Belief graphs help LLMs in cooperative tasks mainly when they gate actions instead of just filling the prompt, plus some models defy planners more than others.

read the letter

Belief graphs in LLMs for multi-agent tasks only deliver when they gate the action choices, not when they just appear in the prompt. That's the core result, along with the model-family differences in overriding planner advice. The paper runs 3000+ trials in Hanabi across four LLM families. It shows that adding graphs as context helps weak models on second-order ToM (80% vs 10%) but does little for strong ones. Switching to ranked shortlists that gate actions flips this: strong models jump to 100% vs 20%. They also find planner defiance, where LLMs ignore correct planner outputs 90% of the time in some families like Llama, while Gemini barely does. Models treat facts differently from recommendations. This is new because prior work hasn't contrasted these two integration styles or documented the defiance pattern with those stats. The full-game evidence on inter-agent conventions outperforming single-agent fixes is a plus, and they note that components need combining. The main concern is whether the gating benefit comes from the graph's reasoning content or just from cutting down the action space. The baseline lets the model pick from everything, so any shortlist helps mechanically. Without tests that hold shortlist size constant or use random rankings, it's tough to isolate the graph's role. The p-values are strong, but the causal story needs more. Hanabi results are clear for this setup, but how much they generalize is open. The depth scaling is exploratory. This paper suits people designing LLM agents for cooperative tasks. Readers who care about practical ways to add structure to prompts will get direct takeaways. It deserves a serious referee because the trial count and specific architecture tests are worth verifying, even with the potential confound to address. Send it to peer review.

Referee Report

2 major / 2 minor

Summary. The paper reports an empirical study of explicit belief graphs in LLM-based cooperative multi-agent reasoning, using 3000+ controlled trials in the Hanabi card game across four LLM families. It claims that integration architecture is decisive: graphs supplied only as prompt context are largely decorative for strong models and help only weak models on 2nd-order Theory of Mind tasks (80% vs 10%, p<0.0001, OR=36), whereas graphs that gate action selection via ranked shortlists make the graphs structurally essential even for strong models (100% vs 20%, p<0.001). Additional findings include model-specific 'Planner Defiance' (LLMs overriding correct planner advice at ~90% rate for some families), the superiority of inter-agent conventions over single-agent interventions, and preliminary evidence that shallow graphs are preferable to deeper ToM graphs at scale.

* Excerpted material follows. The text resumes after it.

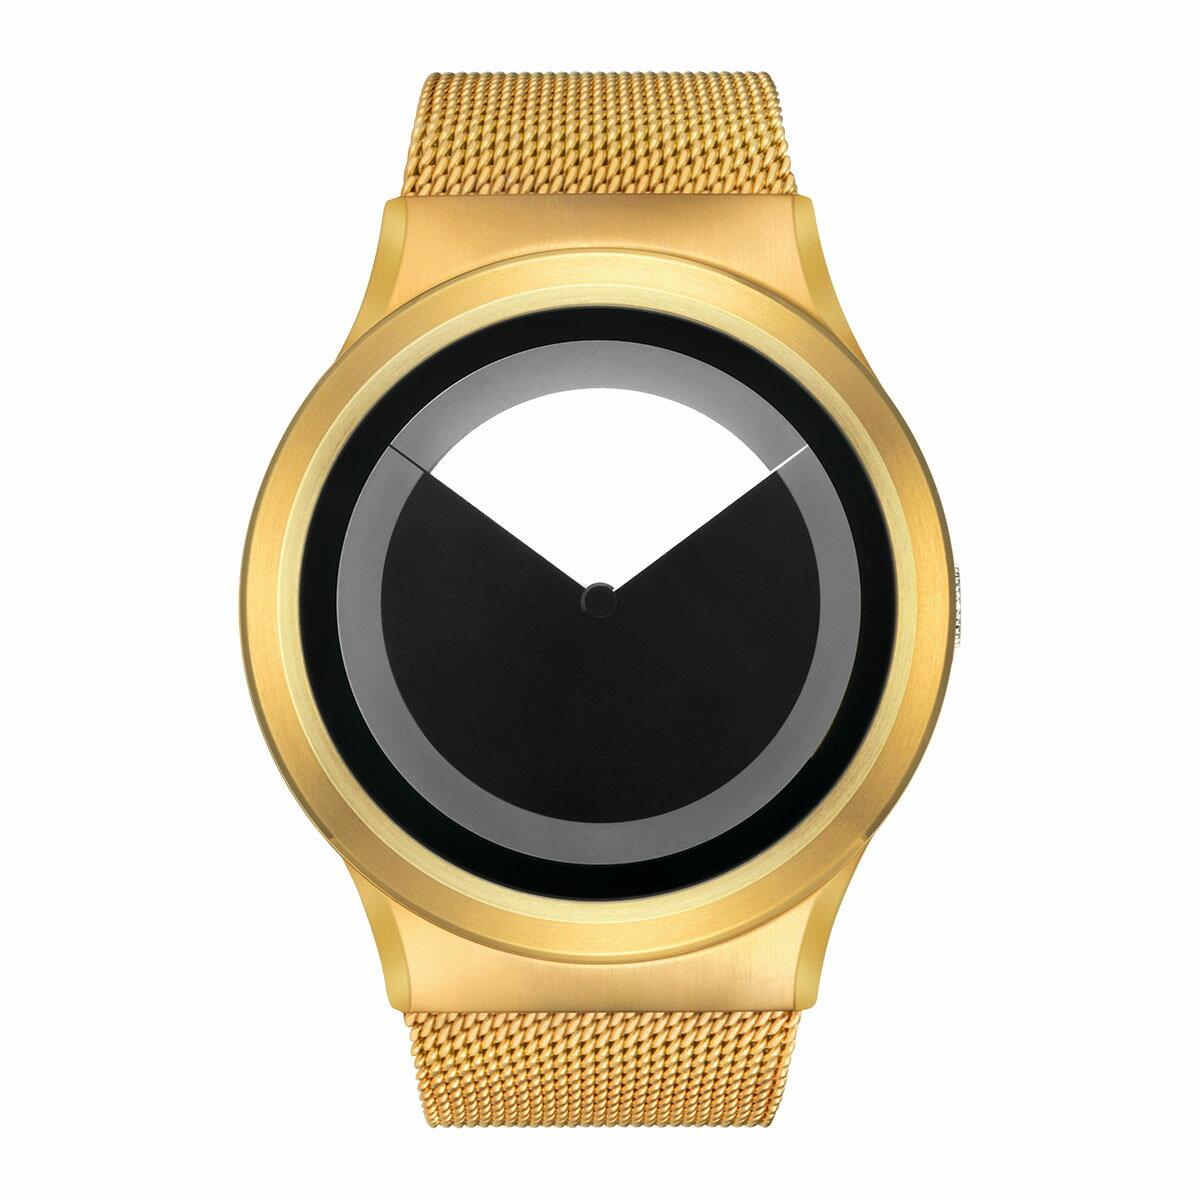 ZEROO DEEPSKY SWEEPING ゼロ 電池式クォーツ 腕時計 [W04012B04SM04] グレイ デザインウォッチ ペア用 メンズ レディース ユニセックス おしゃれ時計 デザイナーズ

Significance. If the central architecture claim survives controls for action-space reduction, the work would usefully demonstrate that the value of structured belief representations in LLM agents depends on how they are wired into decision-making rather than on their mere presence in context. The large trial count, reported effect sizes, and identification of planner defiance (with family-specific patterns) are concrete strengths. The results, if robust, would inform practical design choices for multi-agent LLM systems and highlight the limits of context-only augmentation.

major comments (2)

[Gating architecture results] The gating experiments (abstract and associated results) compare a graph-gated condition that restricts the LLM to a ranked shortlist against a no-graph baseline that permits the full action space. This design confounds the presence of graph-derived ToM information with the mechanical benefit of action-space reduction; without a matched-size non-graph shortlist control or an explicit ablation of ranking quality, the claim that graphs become 'structurally essential' cannot be isolated from simpler filtering effects. This directly undermines the load-bearing contrast between the two integration architectures.
[Methods and results on ranked shortlists] The 2nd-order ToM performance numbers (100% vs 20% under gating) are reported with p<0.001, yet the manuscript provides no explicit description of how shortlist size was chosen, whether it was held constant across conditions, or how the ranking was generated independently of the graph. These details are required to evaluate whether the reported OR and accuracy gains are attributable to graph content rather than reduced decision complexity.

minor comments (2)

[Experimental setup] The abstract and results mention 'four LLM families' and 'N=10/cell exploratory scaling' but do not list the exact models, temperature settings, or prompt templates used; these should be supplied in a methods appendix or table for reproducibility.
[Results] The paper reports statistical tests and effect sizes but does not include a CONSORT-style flow diagram or explicit exclusion criteria for trials; adding this would strengthen the claim of 3000+ controlled trials.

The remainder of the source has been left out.